| You probably would be well advised to read up on the economics of consumer differentiation and price discrimination. All of today's ad-tech is set up and developed for that purpose. Whether overtly or covertly, it is the singular purpose, because the case is so clear cut: We are distributing the share of the pie between companies and consumers. It is therefore clear why people aware of basic economics consider agressive tracking and privacy violations hostile, because they ultimately are or will be. I am not worried about actually showing ads that are personalized in some way. But as others have pointed out, cookies are not for that. You can target based on the site's content and you are probably showing me a much more relevant ad anyway. I am worried that every offsite ressource and every ad is used to track me across hundreds or thousands of shady services that operate under zero regulation or control, the combination of which allows market actors to determine how much of my consumer surplus they can extract in every sense, and thus actively devaluing the internet for me, in excess of what happens in the real world! And the responses of the ad industry lobby groups pretty much prove to me what they think about choice and what they expect to get from consumers. At this stage, it is entirely rational and ethical to consider the entire ad industry as hostile.
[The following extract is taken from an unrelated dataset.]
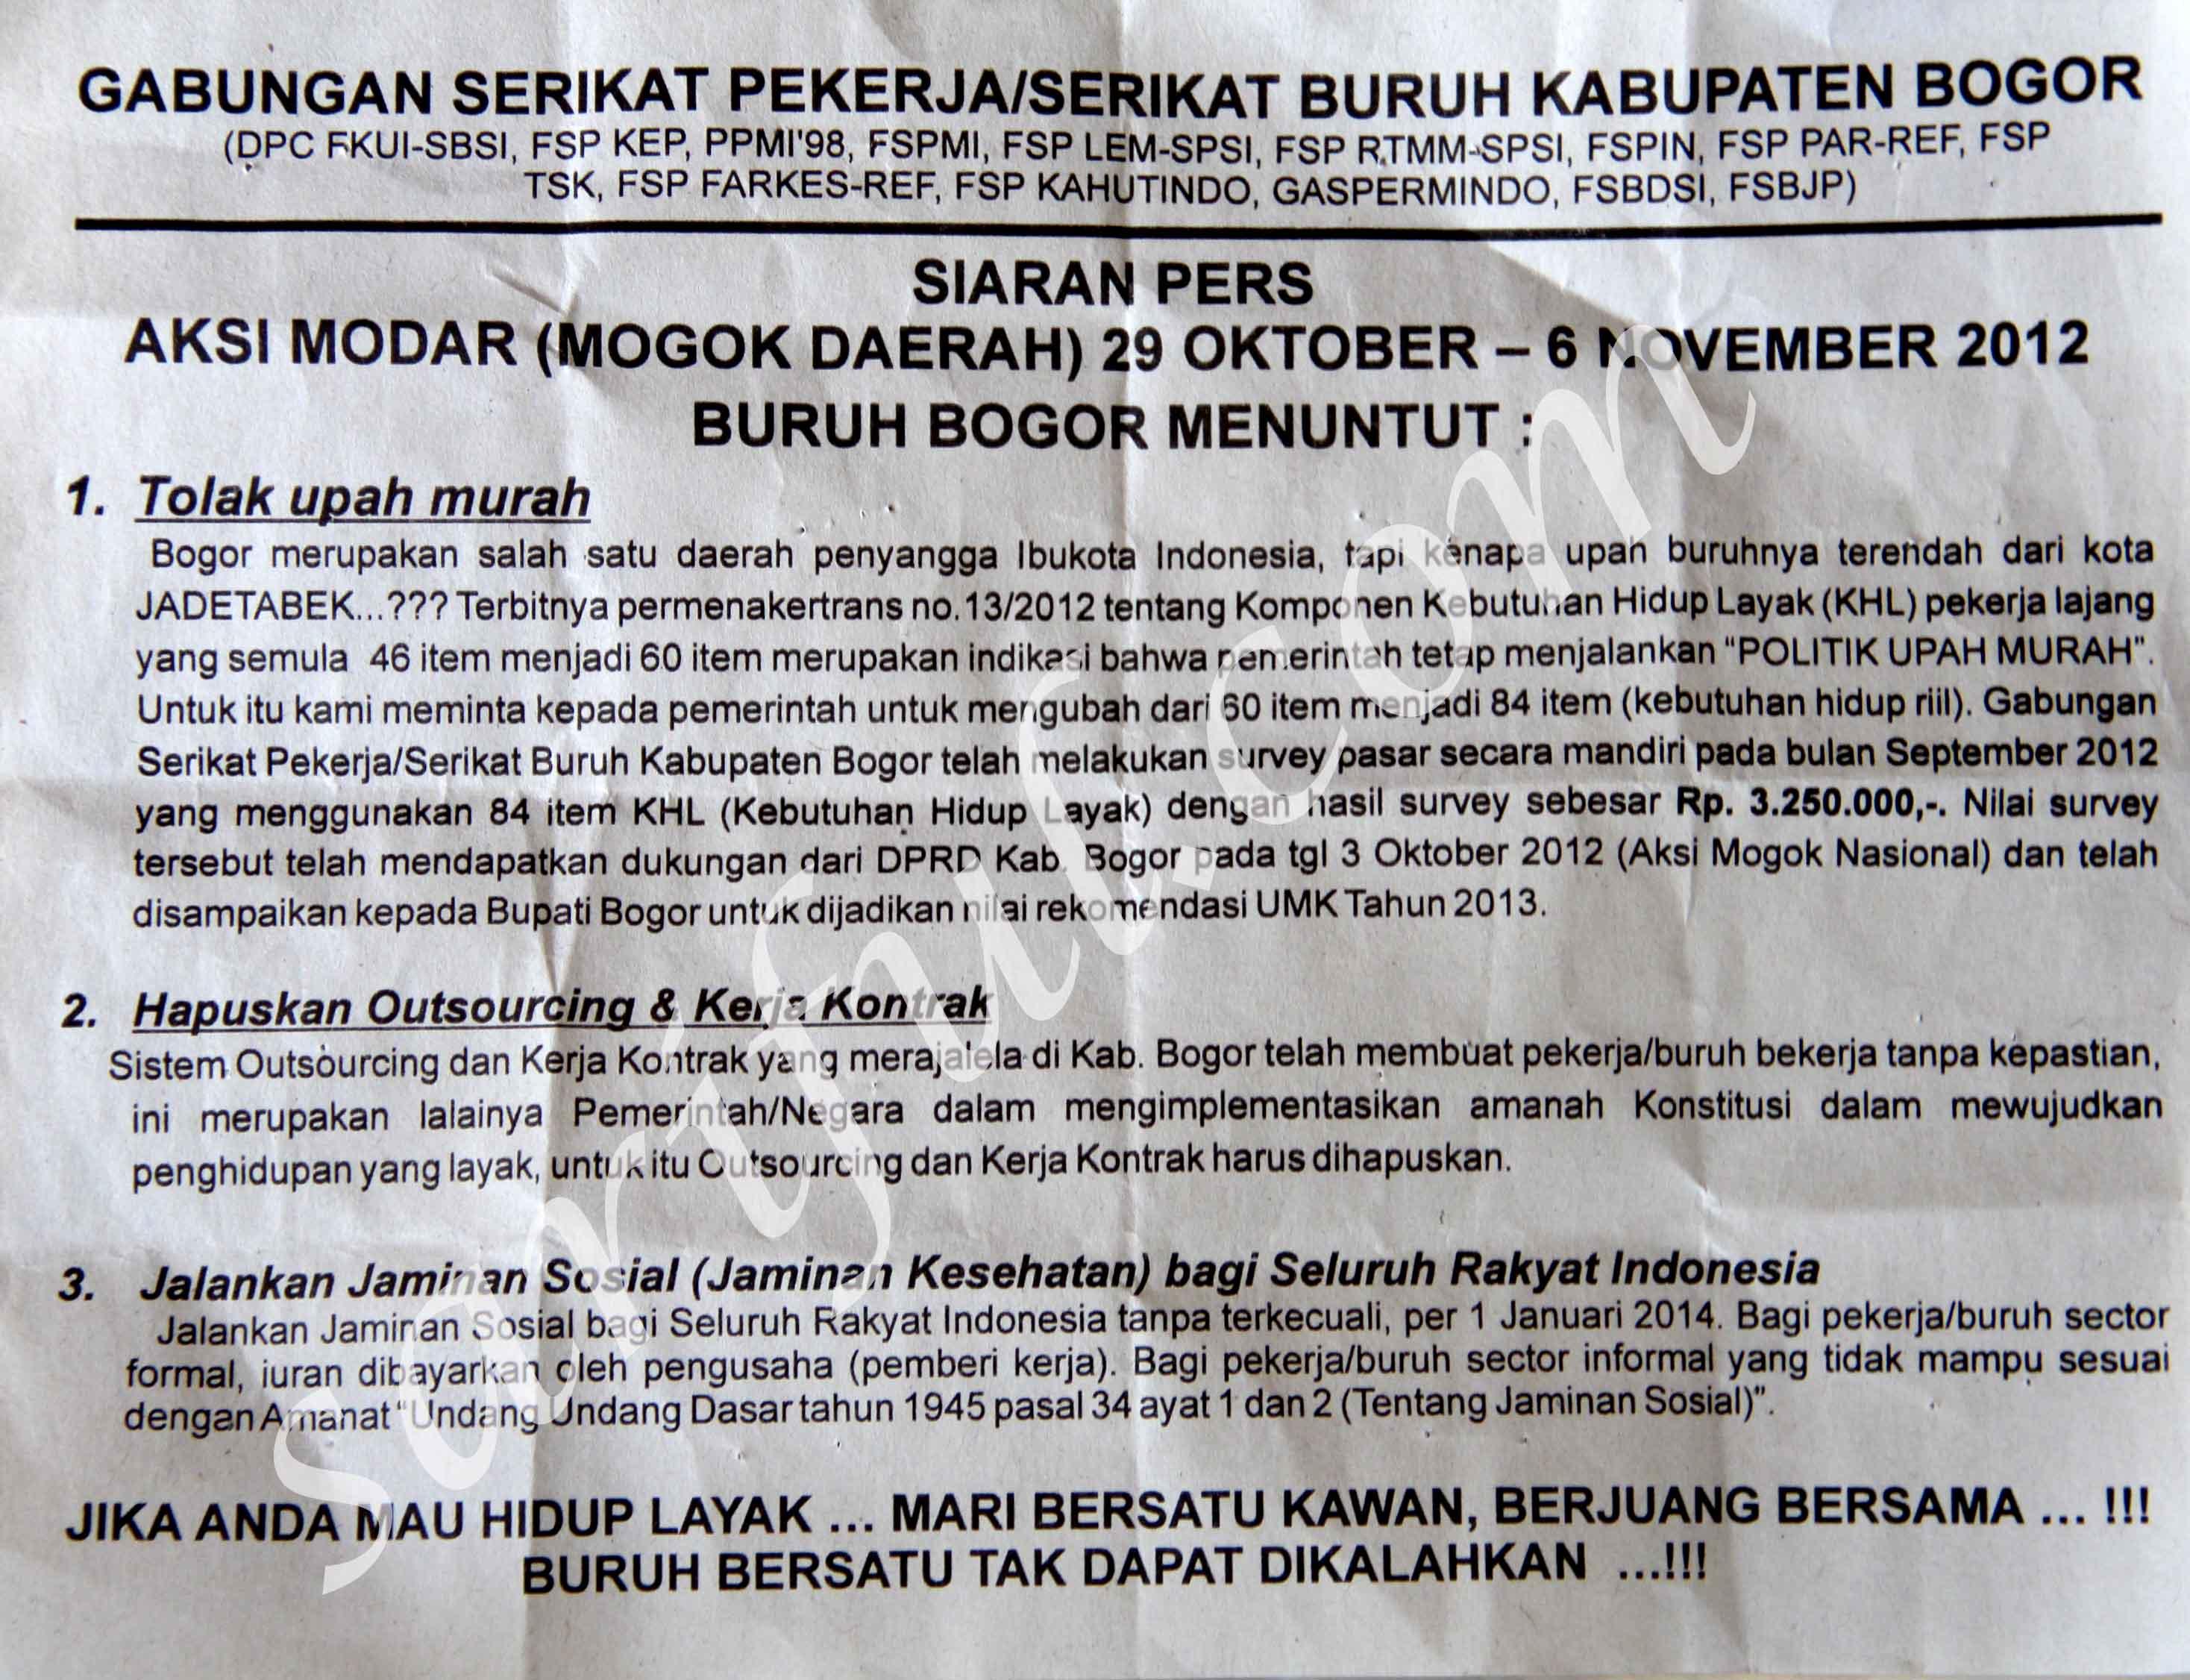 UMR 2013, Upah Minimum Regional atau Upah Murah Rakyat
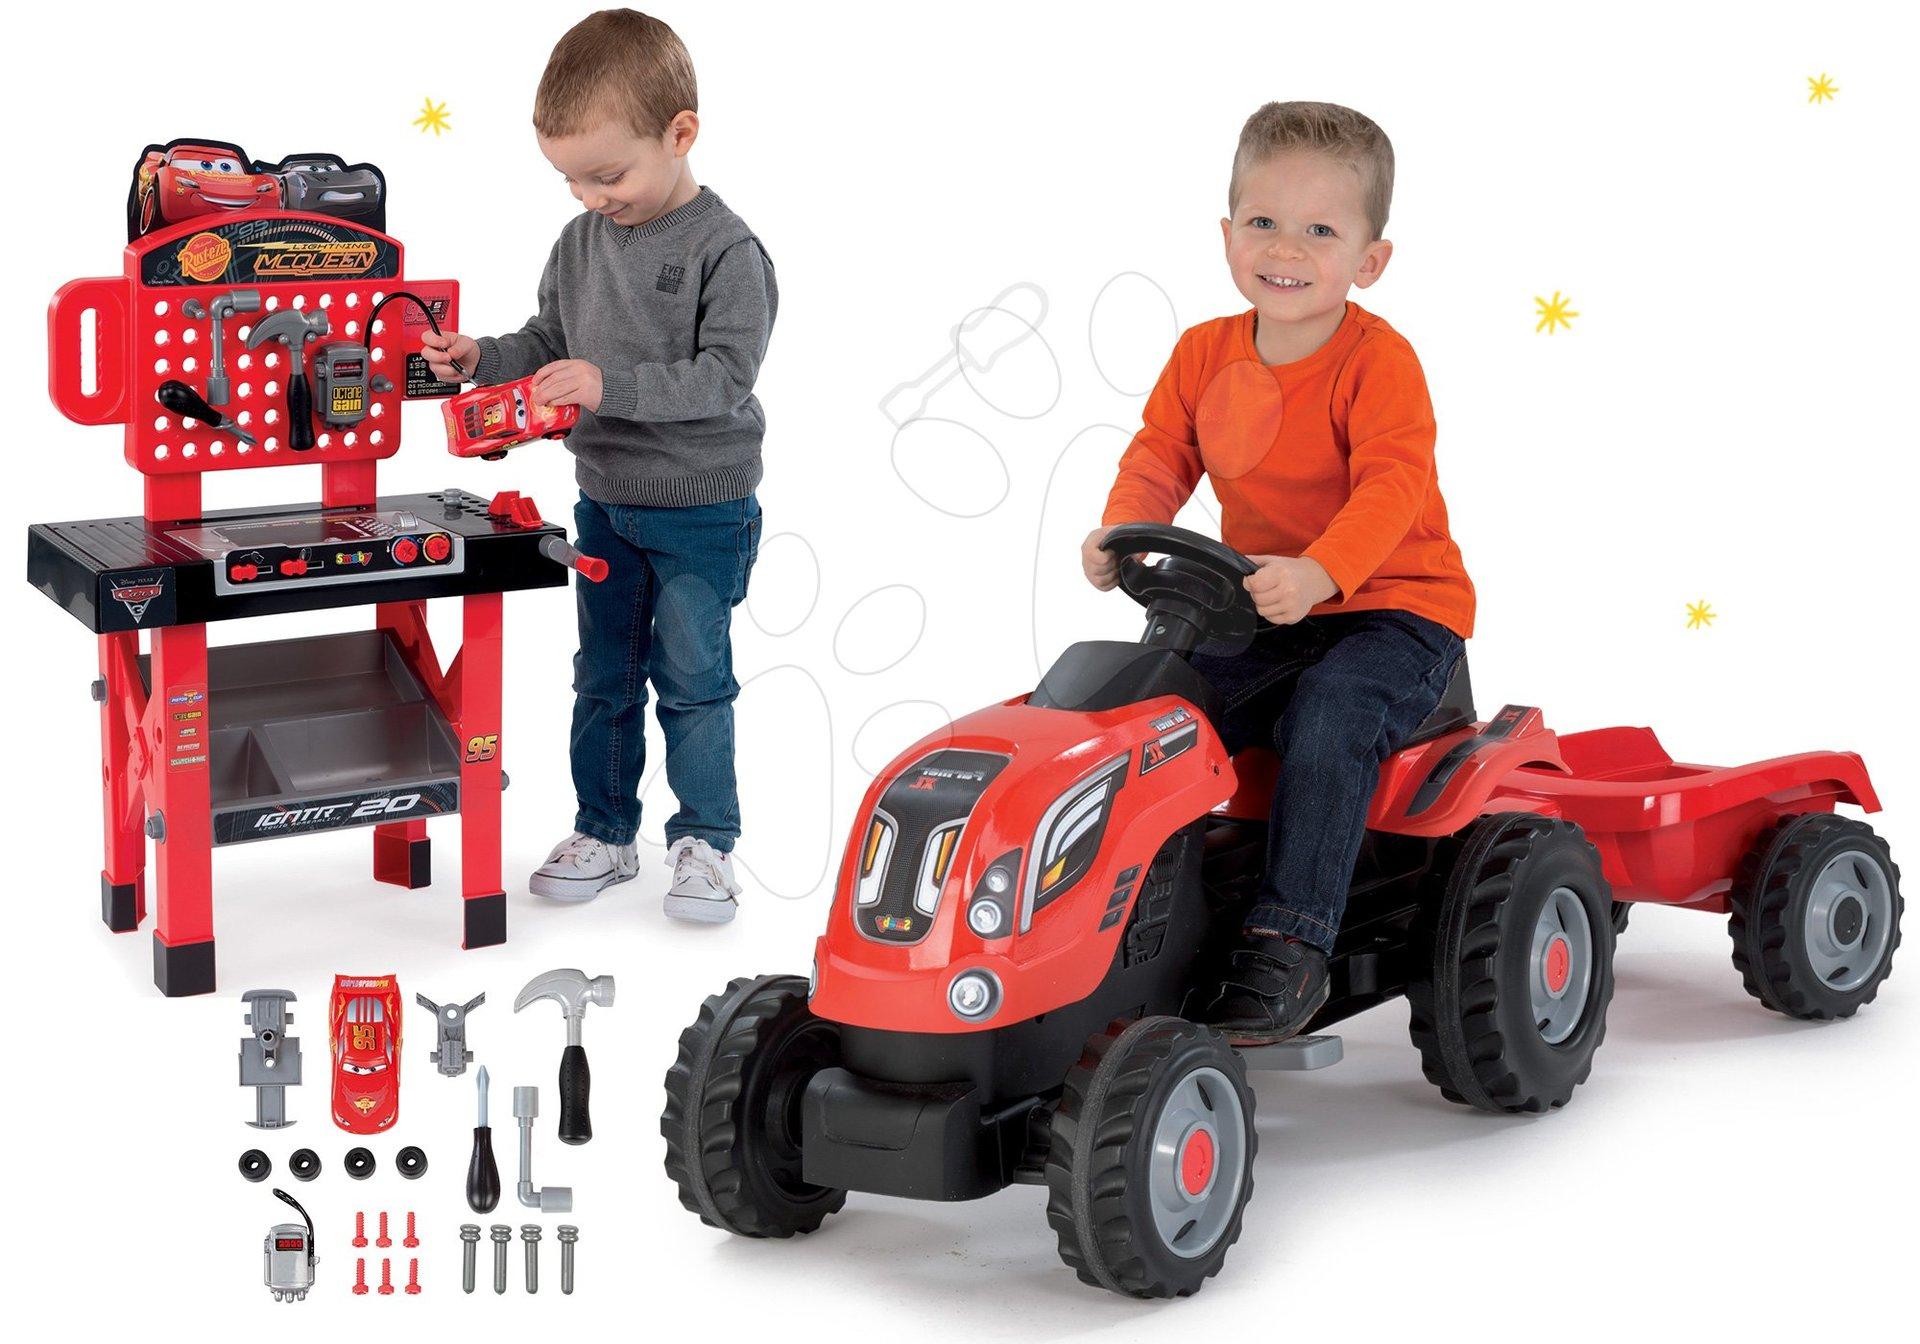 Smoby set traktor na šlapání Farmer XL Smoby s přívěsem a pracovní dílna Auta 3 se skládacím autíčkem 710108-6

As a group, with all side-effects, the notion of just "showing an interesting ad" simply does not exist anymore. At least for the collective industry. Any effort you took to track users, no matter how noble, will ultimately be hostile to me in the future. |
That's not entirely true though. Better ad targeting increases the "size of the pie" by increasing the chances that a consumer will find something that's useful to them.
>At this stage, it is entirely rational and ethical to consider the entire ad industry as hostile.
At that point, why not consider the entire software industry as hostile? They're the ones that enable this, so clearly they are also the devil. Life is not this black and white. Ads do serve a useful purpose, to which degree cookie based ads do that, I'm unsure, but it would be very difficult to start a business without any kind of advertisement.